Terrible weather conditions greeted us in the morning and cold winds whipped across the Bay from Tasmania. Running into a vicious headwind made me seriously contemplate not finishing, I was only about 3k in when I had to bargain with myself to continue. I kept forward momentum with the rain whipping my face, head down until it was just as far to turn back as it was to keep running. I interspersed running with walking between showers wanting to get to the turn around so the wind would be at my back. An out and back course meant encouragement from the girls who were ahead of me and then waiting for me at the end. No more headwind but showers of hail spurred me to the finish.

I can hear the girls cheering me over the line

a welcome warm hug


Thanks Sandy Point for showing me I can do hard things.

And despite the tough conditions the girls both shaved times of their previous half marathon times to record PB's! I am very proud of them both.




Sunday, August 6, 2017

Another trail...

Our next trail run took us up on to the hills of the You Yangs, near Lara Victoria.

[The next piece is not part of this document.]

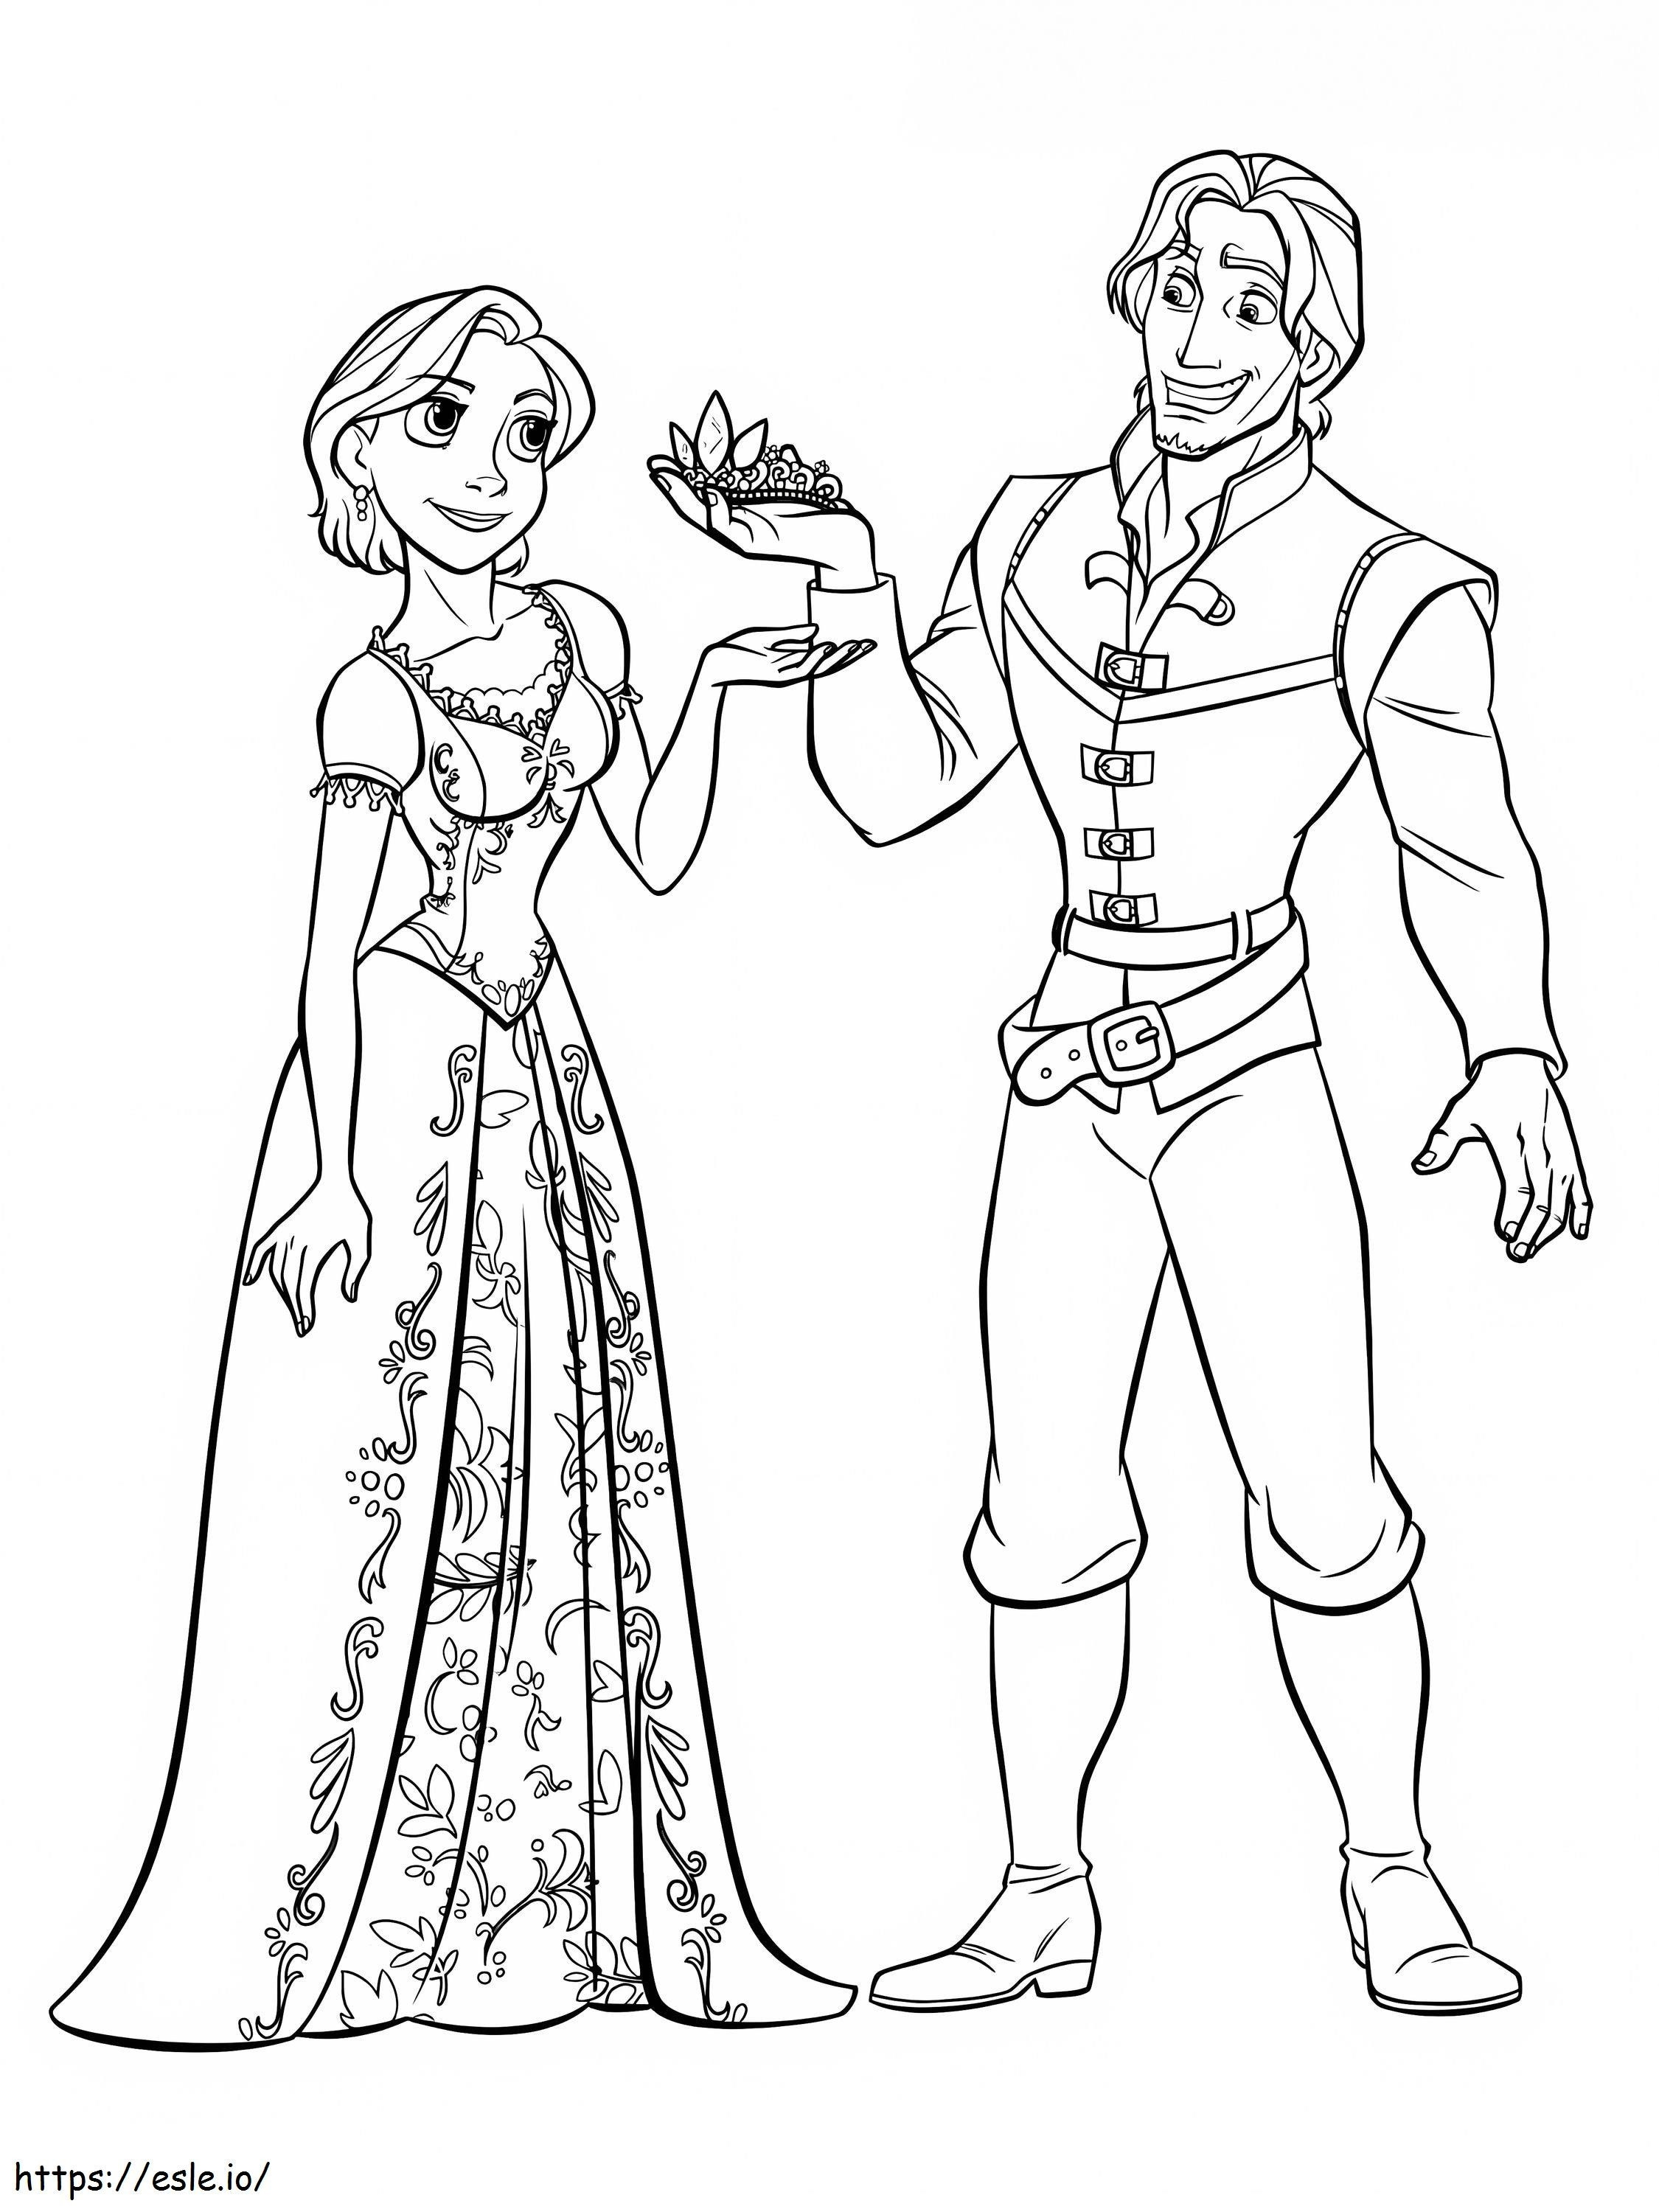 Funny Rapunzel și Flynn de colorat

We tackled the 15k event and it was very overcast and threatening at the beginning but we managed to get the whole run done without getting wet.
It was very hilly and another great challenge. I'm slowly getting used to this trail running caper, pushing myself further and harder.


some of the MCR crew

It is all good preparation for the Surf Coast Century Ultra coming up on Sept 9th. On that day some will undertake 100km solo, 50km solo or like us a team of 4 taking on 100km.

Monday, July 10, 2017

Congratulations...

to my two wonderful running buddies.

Winners are grinners
They both tackled the Gold Coast marathon this year and improved on last years time. Not being able to be with them this year was a bit sad for me but I followed their progress and revelled in their achievement nonetheless.

We have done so many events together it was strange not only for me, but for our friends who cheer us on as well, to not be with them this time. I was asked several times why I wasn't with them and the main one was financial. Running is not a cheap sport if you participate in destination events like this one.

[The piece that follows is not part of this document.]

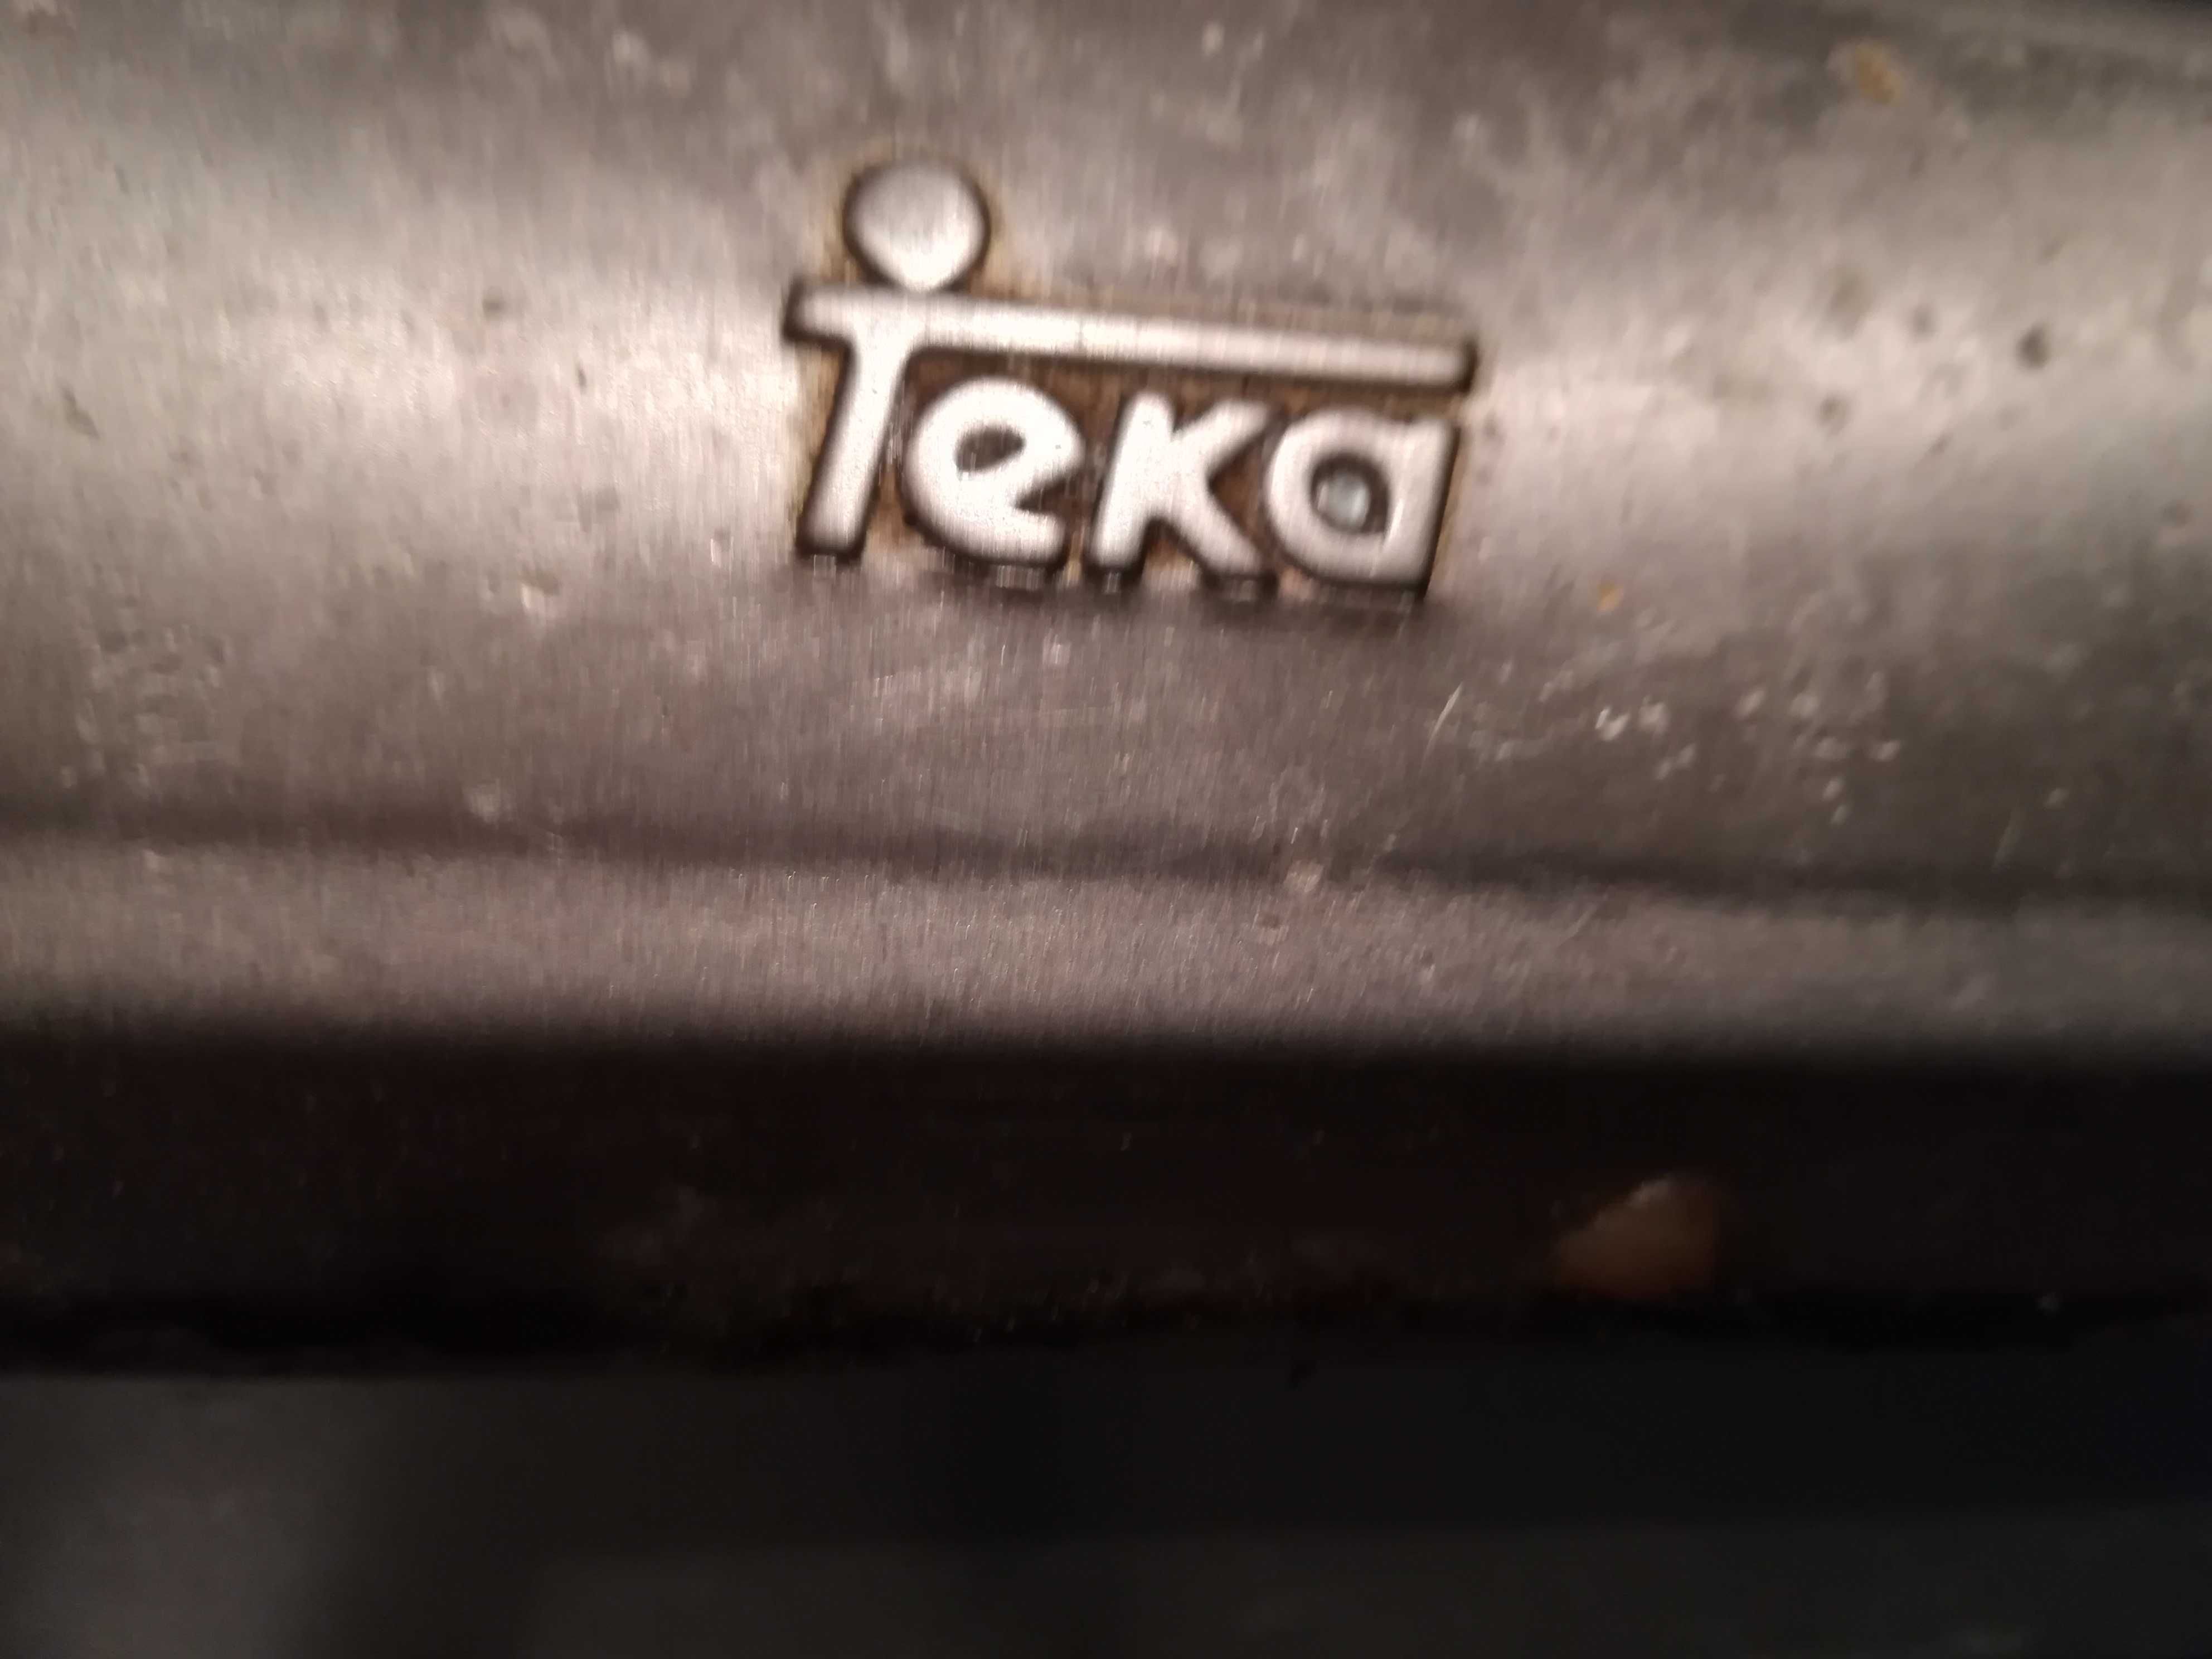 Placa de fogão Teka usada mas a funcionar perfeitamente (gas natural)

Hopefully we can do more events together as I feel it is the main reason I have come so far with my running. You can run on your own but the support of friends will get you further every time.

Good on you girls, you are champions!!




Thursday, June 29, 2017

Marathon number 3...

What a wonderful event, I'm still on a high. There is such a lot swirling around in my head to process about this latest achievement.

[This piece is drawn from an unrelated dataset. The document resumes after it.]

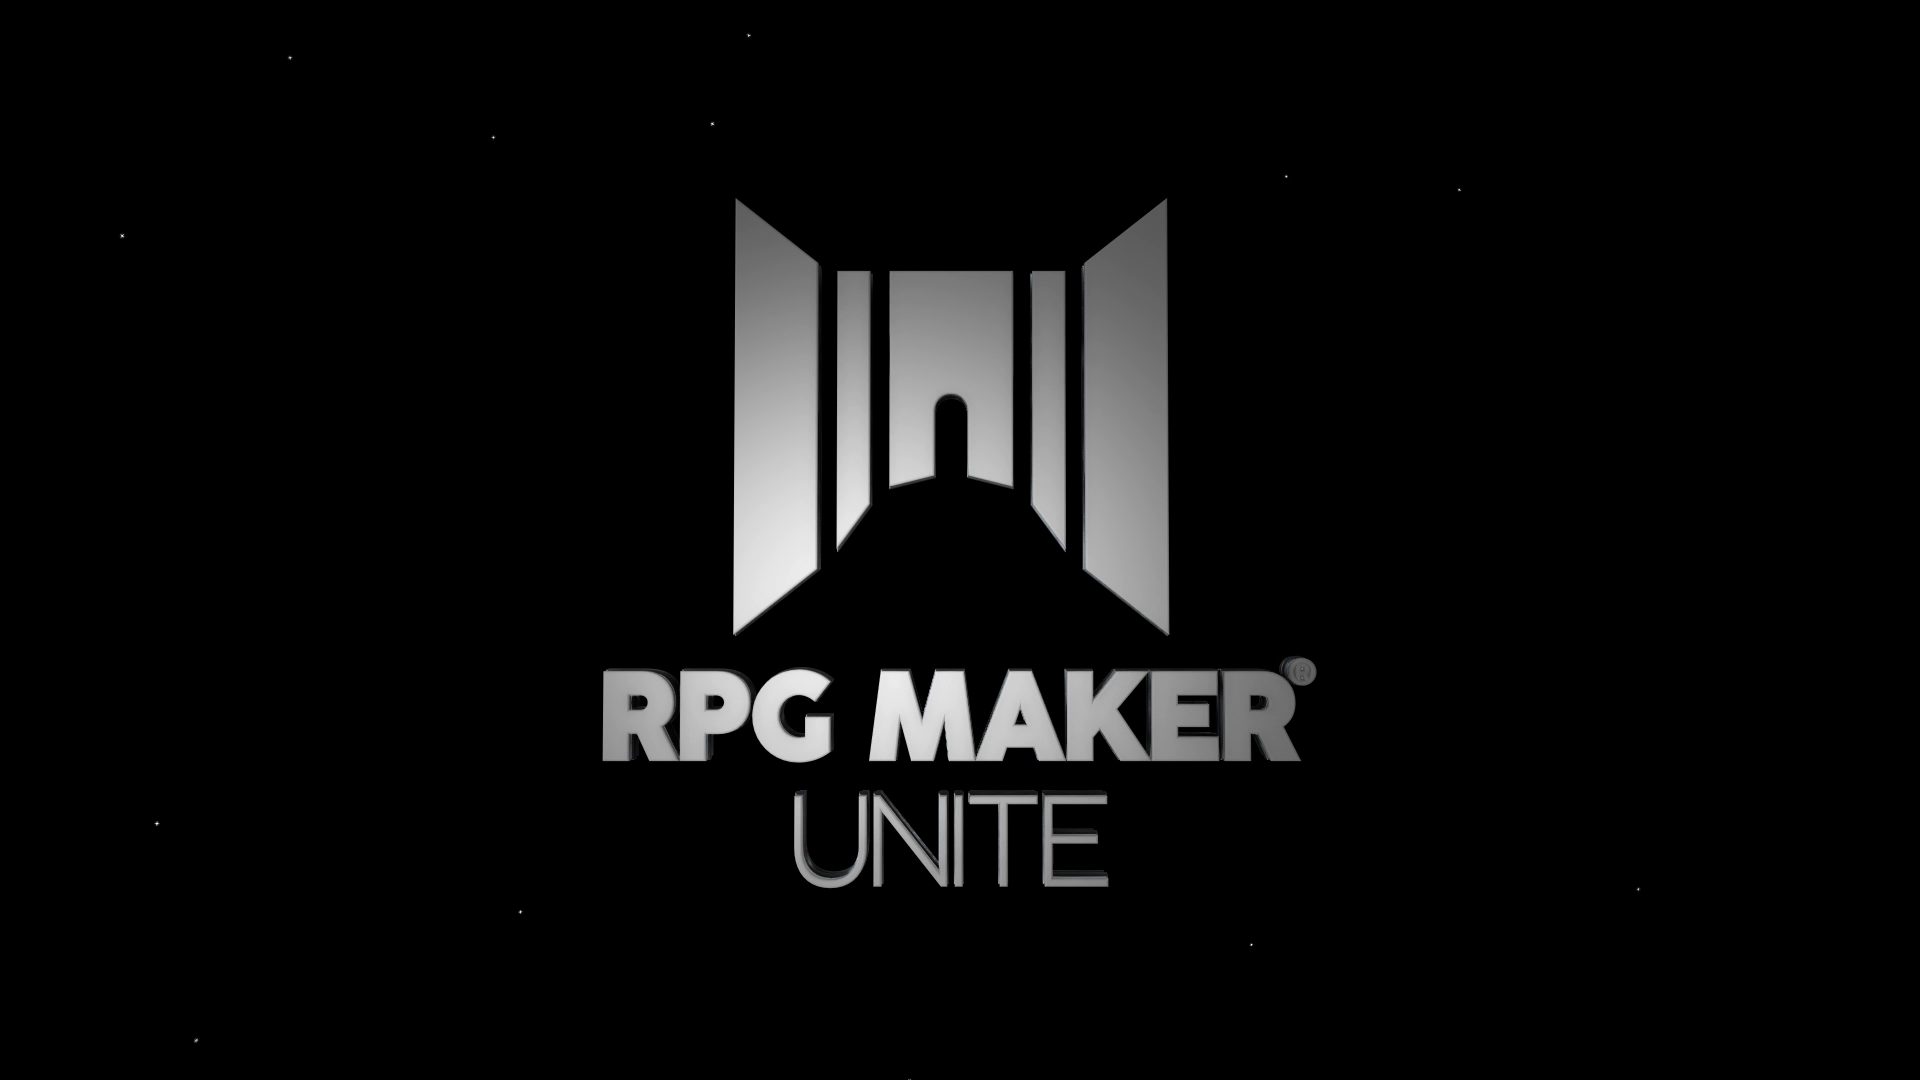 RPG Maker Unite (PC) será lançado em 6 de abril - GameBlast

My first trail marathon was a long affair. 7 hours and 5 minutes of running on beaches, trails, up and down steps and hills. It was completely different to any other running I have done and I loved it.

We ran from Torquay to Fairhaven winding through the scrubby coast and along the beach.

the beautiful surf coast
Fishermans beach was abuzz

chilly start to the day


Trail running is so different to road running and as I have found out time goals are not part of it. I had thought roughly it would take me 6 hours, I thought that was achievable but it was not to be. The course was tougher than I was prepared for and king tides and huge swells meant the 4 beach sections were very challenging. More experienced runners struggled with the conditions so I don't feel disappointed in this effort at all. It was tough but I enjoyed it. It was completely new and I embraced it. At each aid station I stopped and refilled my water bottle, fueled up with some food and chatted to the volunteers and found out what the next section had in store. In every other race stopping for a drink is a no no, you grab a cup on the run, slurp a few sips and then keep running, tossing your cup towards a bin and try not to shower a  fellow runner. I ate chips, muesli bar and lollies in addition to the gels I had in my vest.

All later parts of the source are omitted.